Dès lors, Liu Lian avait compris : le monde en « www@ » était clair et beau, moins décevant que le réel, non pollué par la morale et les interdits : « à corps perdu », elle passa ses jours à tapoter son clavier, chevauchant motos ailées ou ULM diaprés, errant dans ces villes fausses, où père-la-morale, mère crieuse et surveillants rabat-joie passaient à la trappe, remplacés par les magiciens et héros aux visages des acteurs les plus célèbres, où l’on se recomposait une personnalité que l’on aime. Elle y pêcha son 2d homme, Po, 18 ans, de Hohhot (en Mongolie). Bientôt, ils ne purent se passer l’un de l’autre. Pour la fête nationale en 2006, elle resta avec lui 7 jours sur écran, ensemble à 4000km de distance, sales faute de se laver, affamés faute de se nourrir, sans voir les oedèmes qui gonflaient leurs jambes faute de les dégourdir…

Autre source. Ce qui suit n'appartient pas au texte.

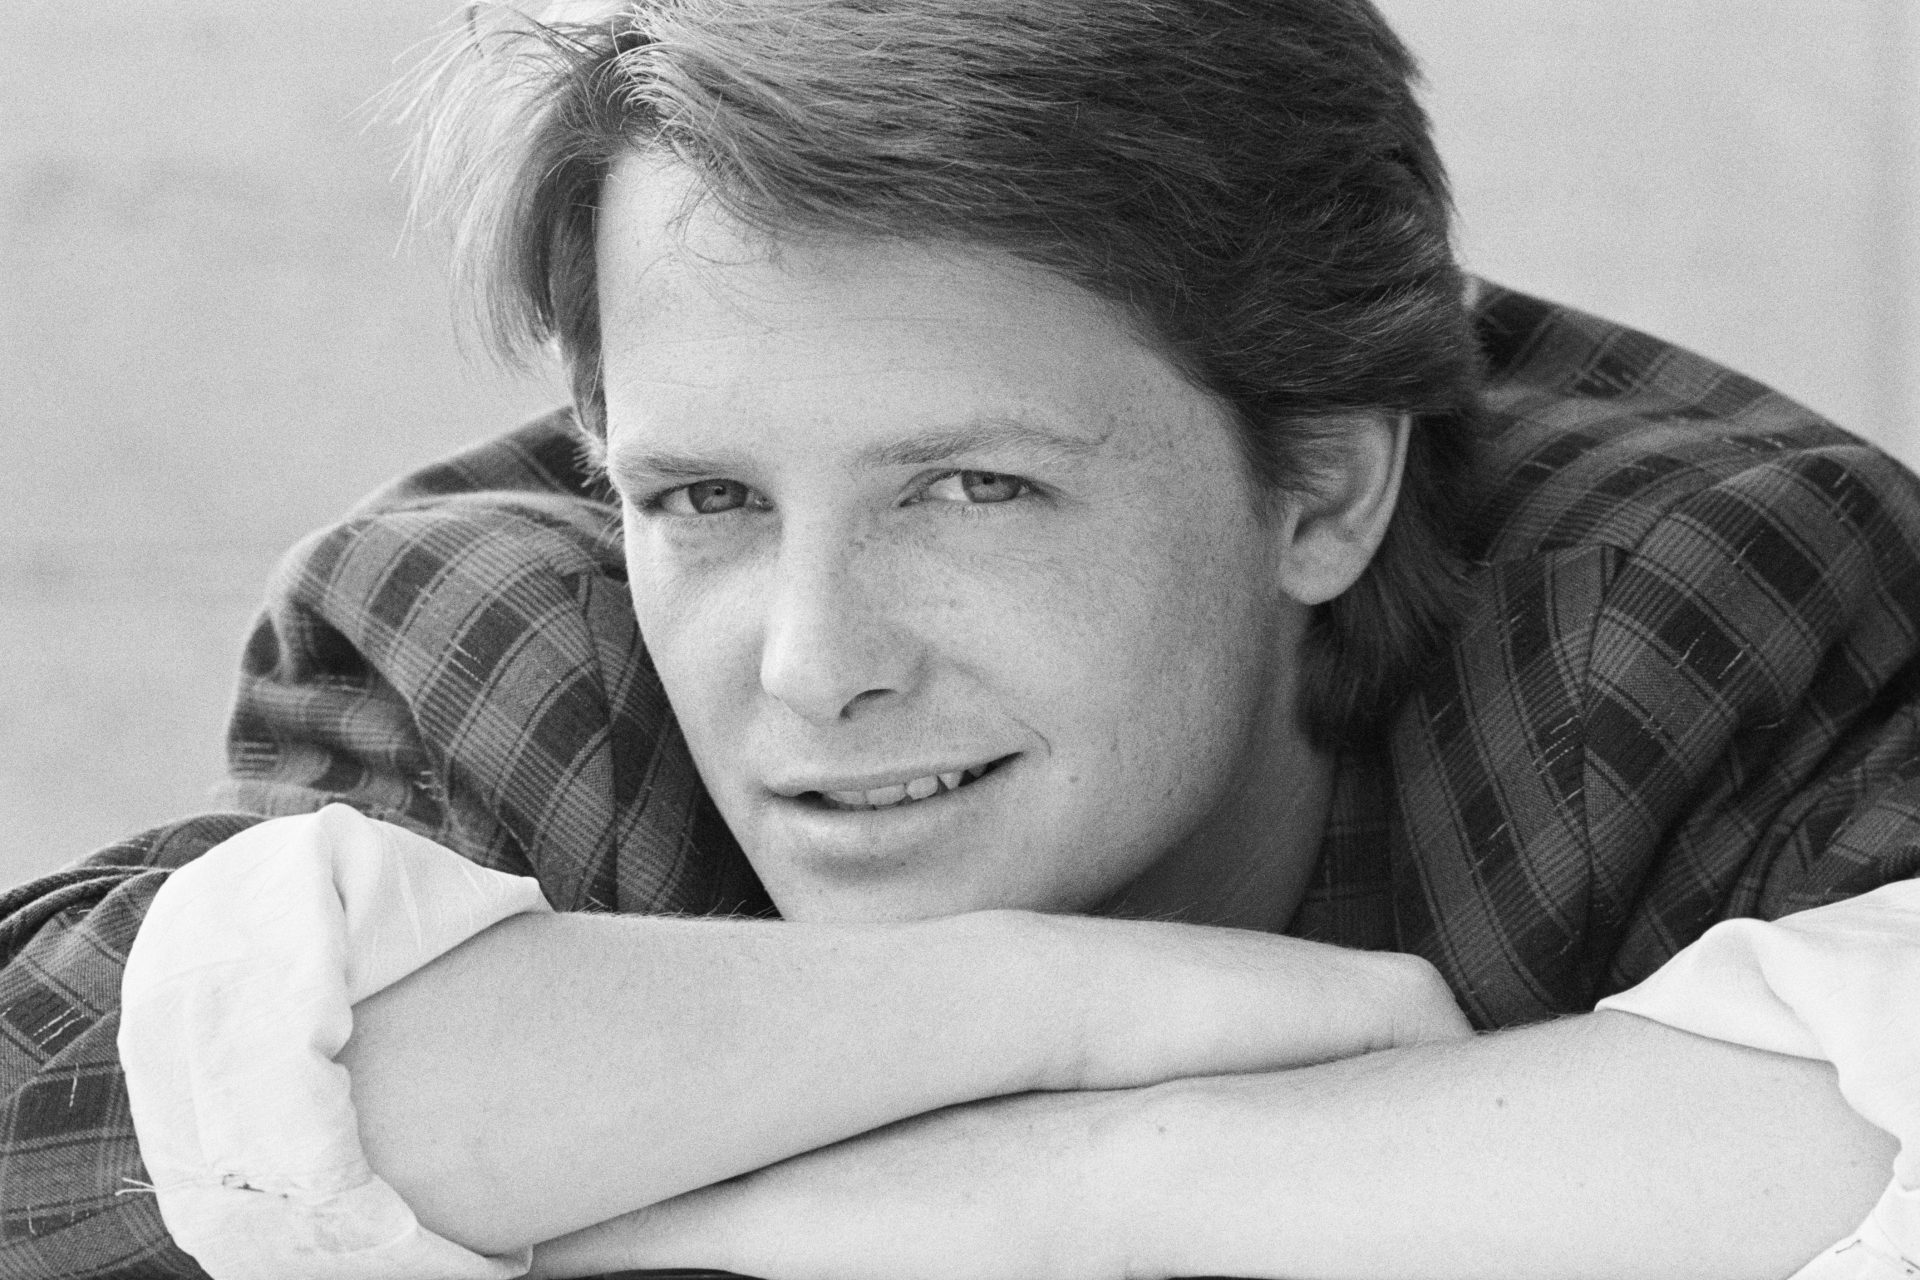 Michael J. Fox continua a lottare contro la sua malattia

La veille de leur mariage sur écran, son fiancé candide l’informa avoir plusieurs filles, et pas que virtuelles… Perdue, Liu l’épousa tout de même – mais depuis lors, ne croit plus à rien. Quelle différence entre bien et mal, vrai et faux, homme et femme, solide et virtuel, le loin ou le près ?
Dans cette démarche aliénante, Qi Qi, de Shenzhen, va plus loin encore : il s’est déjà marié trois fois, tout en ne divorçant qu’une, et dans un de ses 2 couples, il joue la femme, se retrouvant ainsi à la fois bigame et androgyne, à 11 ans!

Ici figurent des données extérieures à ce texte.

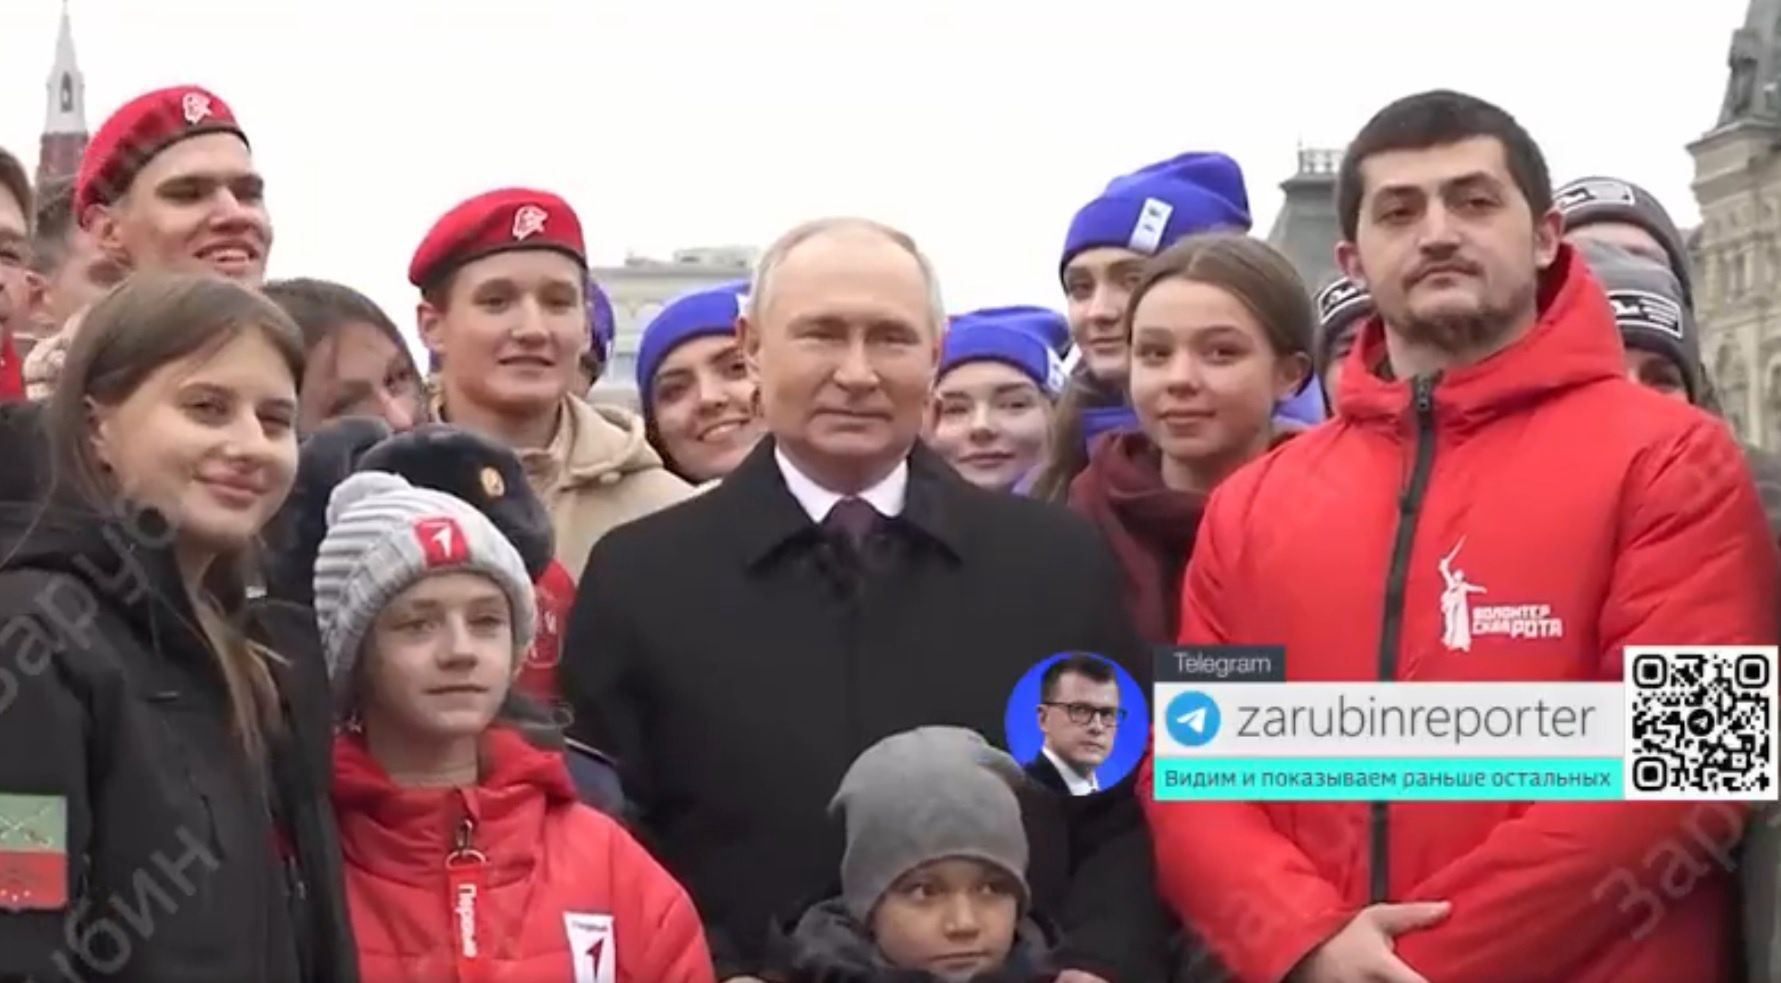 Sobowtór Putina się wygadał? Nagranie niesie się po sieci

Po, Qi Qi, Wei ou Liu, tous ces cas sont banals : à Shenzhen, ils seraient 24% de leur âge, ces ados mariés en ligne et 14% en seraient à leur 2de union. C’est la 4ème dimension de la jeunesse chinoise, celle d’une vie par procuration et par la technologie. En bouddhisme, on appelle çà « rêvasser dans la bulle d’ombre » (meng huan pao ying, 梦幻泡影).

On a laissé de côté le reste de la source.